(Records from a collection)
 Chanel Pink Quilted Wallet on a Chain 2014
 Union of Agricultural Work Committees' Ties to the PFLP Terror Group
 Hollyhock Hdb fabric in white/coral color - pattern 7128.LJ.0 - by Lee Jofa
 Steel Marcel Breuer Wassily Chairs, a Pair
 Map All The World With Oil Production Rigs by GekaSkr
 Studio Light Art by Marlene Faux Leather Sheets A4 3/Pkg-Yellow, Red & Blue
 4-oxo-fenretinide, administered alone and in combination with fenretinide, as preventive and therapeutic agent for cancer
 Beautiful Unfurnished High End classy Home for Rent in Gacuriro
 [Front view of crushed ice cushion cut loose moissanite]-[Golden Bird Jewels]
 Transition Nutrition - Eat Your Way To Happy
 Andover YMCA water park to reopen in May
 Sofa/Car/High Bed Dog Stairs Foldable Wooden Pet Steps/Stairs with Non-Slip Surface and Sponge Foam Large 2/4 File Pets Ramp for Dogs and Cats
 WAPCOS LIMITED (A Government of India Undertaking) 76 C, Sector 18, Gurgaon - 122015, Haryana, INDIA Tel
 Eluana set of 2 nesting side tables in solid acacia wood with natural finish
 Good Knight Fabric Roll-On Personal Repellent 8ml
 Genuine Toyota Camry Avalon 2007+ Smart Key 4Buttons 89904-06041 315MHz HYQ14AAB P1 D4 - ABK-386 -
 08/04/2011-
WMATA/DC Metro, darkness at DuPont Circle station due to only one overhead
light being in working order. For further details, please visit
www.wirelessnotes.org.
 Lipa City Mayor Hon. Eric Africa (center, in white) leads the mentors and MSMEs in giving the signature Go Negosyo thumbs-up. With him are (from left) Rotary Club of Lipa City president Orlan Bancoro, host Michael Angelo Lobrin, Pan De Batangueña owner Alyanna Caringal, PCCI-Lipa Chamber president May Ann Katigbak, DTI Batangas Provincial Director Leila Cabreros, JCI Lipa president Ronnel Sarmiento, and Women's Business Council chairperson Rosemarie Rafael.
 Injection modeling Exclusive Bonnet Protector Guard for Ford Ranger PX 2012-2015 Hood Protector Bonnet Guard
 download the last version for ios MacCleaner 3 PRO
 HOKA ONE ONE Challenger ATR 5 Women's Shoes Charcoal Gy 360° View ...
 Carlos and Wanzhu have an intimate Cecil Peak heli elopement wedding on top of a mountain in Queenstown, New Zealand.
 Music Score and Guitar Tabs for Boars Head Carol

Exercise:
Search the data above for the word "white" and report how many lines contain it, with nothing further.

Answer box:
2